- THE DATA -
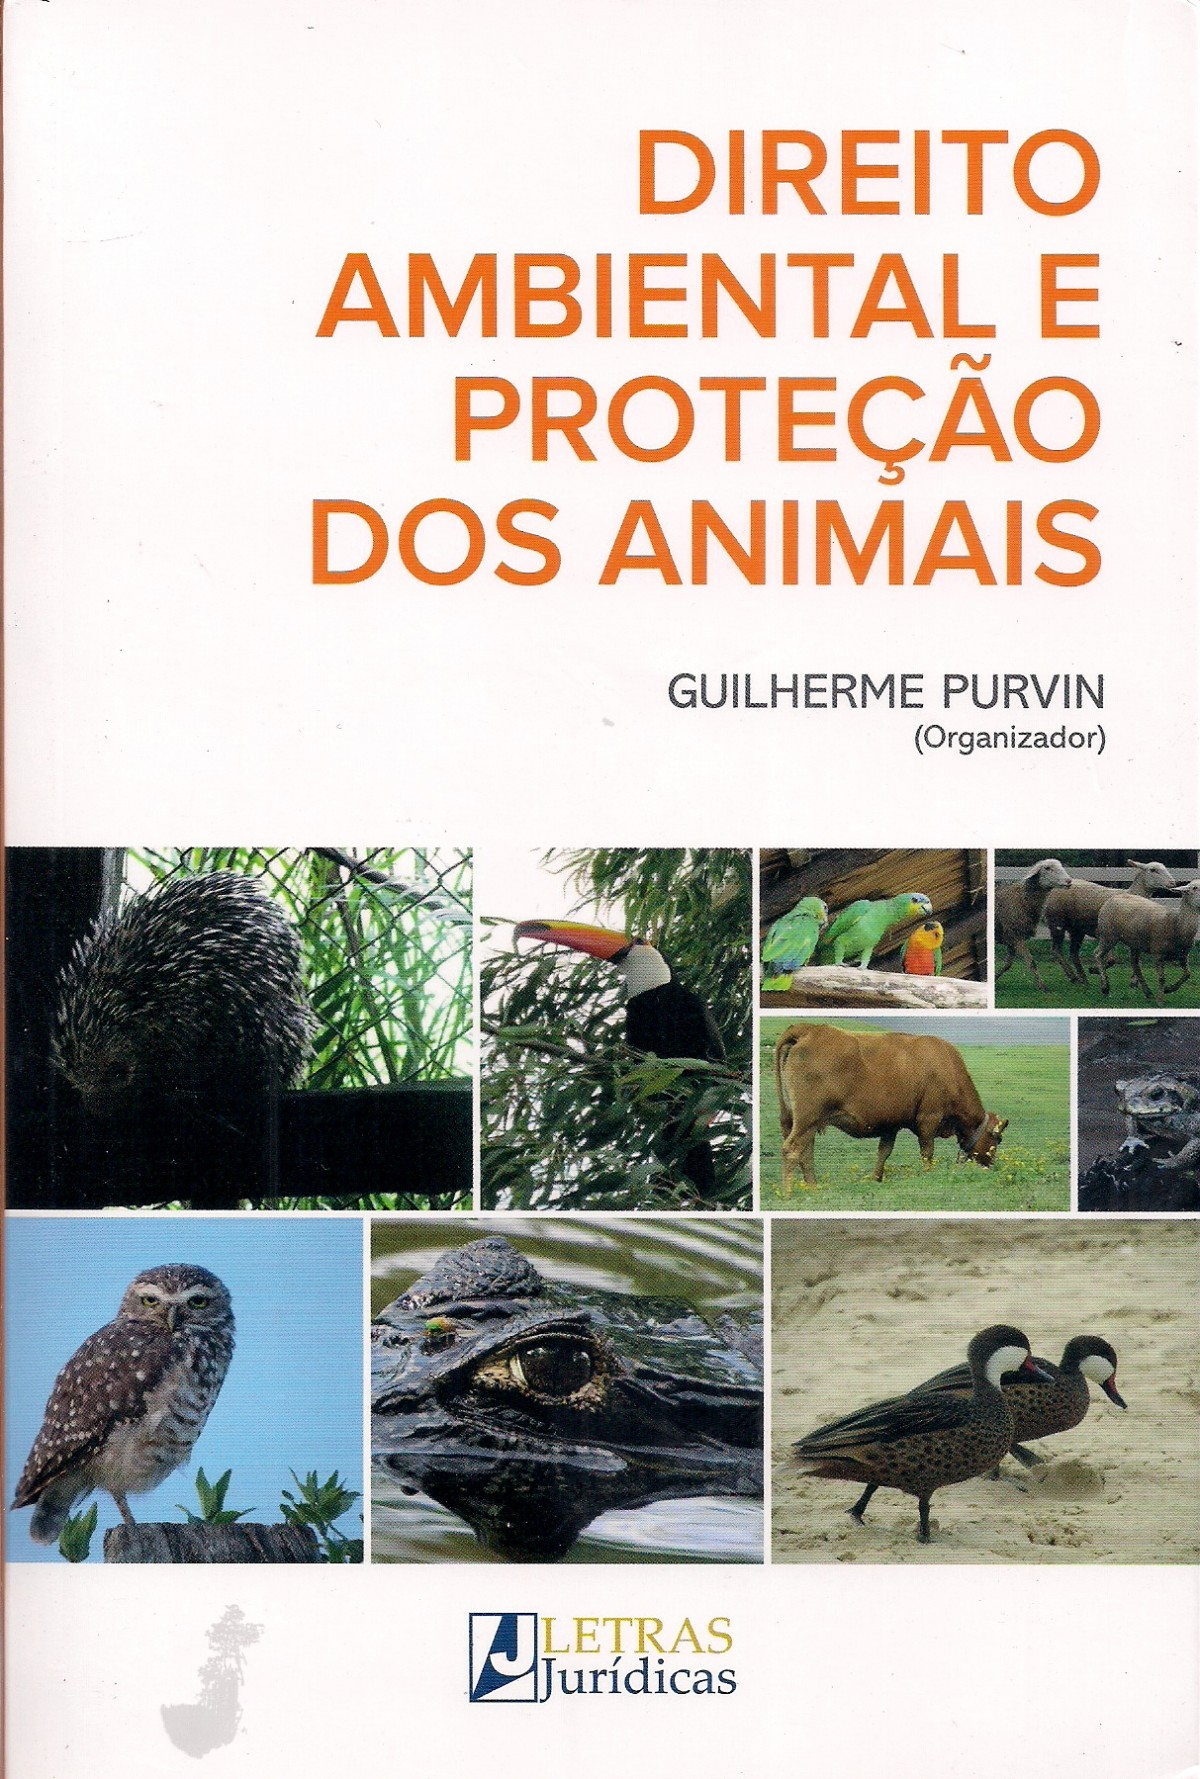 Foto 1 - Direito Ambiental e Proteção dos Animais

* * *

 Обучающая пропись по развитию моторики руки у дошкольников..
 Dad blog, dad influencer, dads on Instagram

- DIRECTIONS -
Reproduce exactly the lines of the records above from the one with "Обучающая пропись по" to the one with "Dad blog, dad influencer, dads on Instagram", both included, and leave out everything else.

- ANSWER SPACE -
 Обучающая пропись по развитию моторики руки у дошкольников..
 Dad blog, dad influencer, dads on Instagram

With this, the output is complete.